PQRS is a cyclic quadrilateral. Angle SPT is an exterior angle. SP is a bisector of angle RPT and PQRS is a cyclic quadrilaterla.
Prove SQ=SR
Given : PQRS is a cyclic quadrilateral
SP is bisector of ∠RPT
To prove : SQ = SR
Construction : Join SQ
So, it is sufficient to prove ∠3 = ∠4
Proof : SP is bisector of ∠RPT
⇒ ∠1 = ∠2 ...(1)
We know that angle in a same segment are equal.
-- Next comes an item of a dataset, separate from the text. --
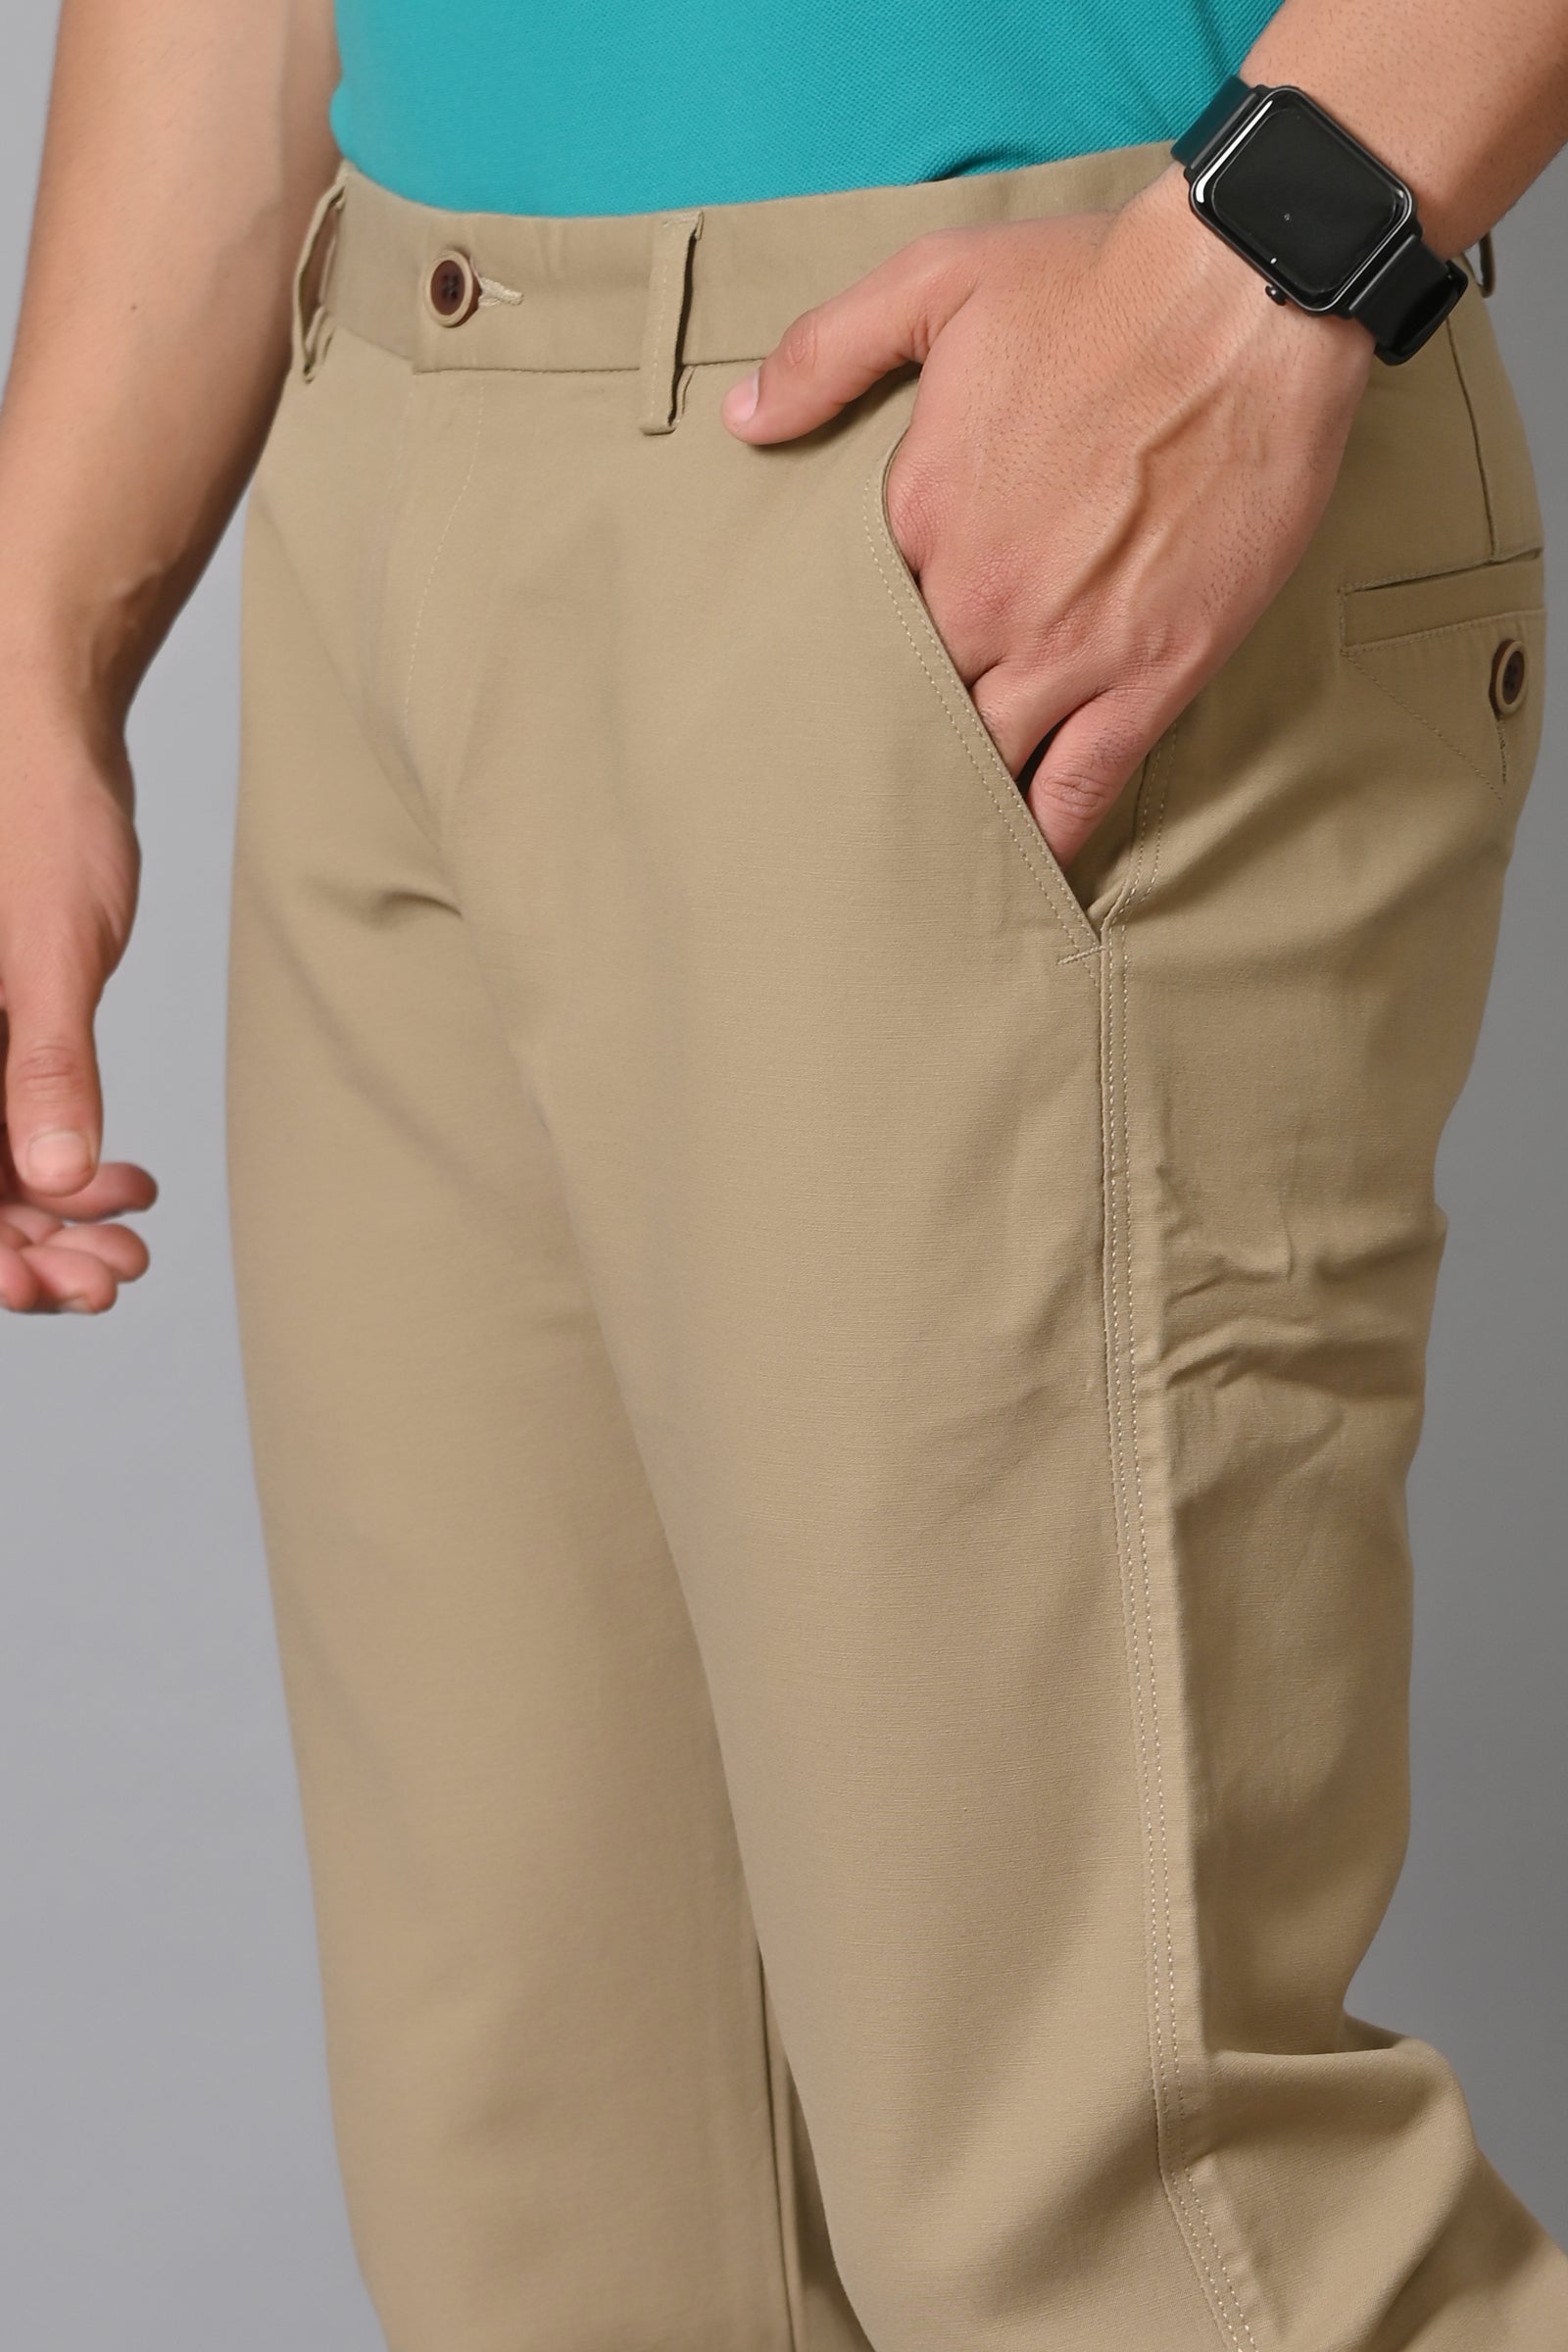 Jaguro Men's Bottomwear Trouser Chinos Light Grey

∴ ∠1 = ∠4 and ∠5 = ∠6 ...(2)
Now ∠1 + ∠2 + ∠5 = 180° ...(3)
Also, in ΔRQS, ∠3 + ∠4 + ∠6 = 180° ...(4) (by angle sum property of Δ)
equating (1) and (2)
∠1 + ∠2 + ∠5 = ∠3 + ∠4 + ∠6
⇒ ∠2 = ∠3 (using (2))
But from (1), ∠1 = ∠2
⇒∠1 = ∠2 = ∠3 = ∠4 (using (3))
⇒ ∠3 = ∠4
∴ SQ = SR (Sides opposite to equal angles are equal)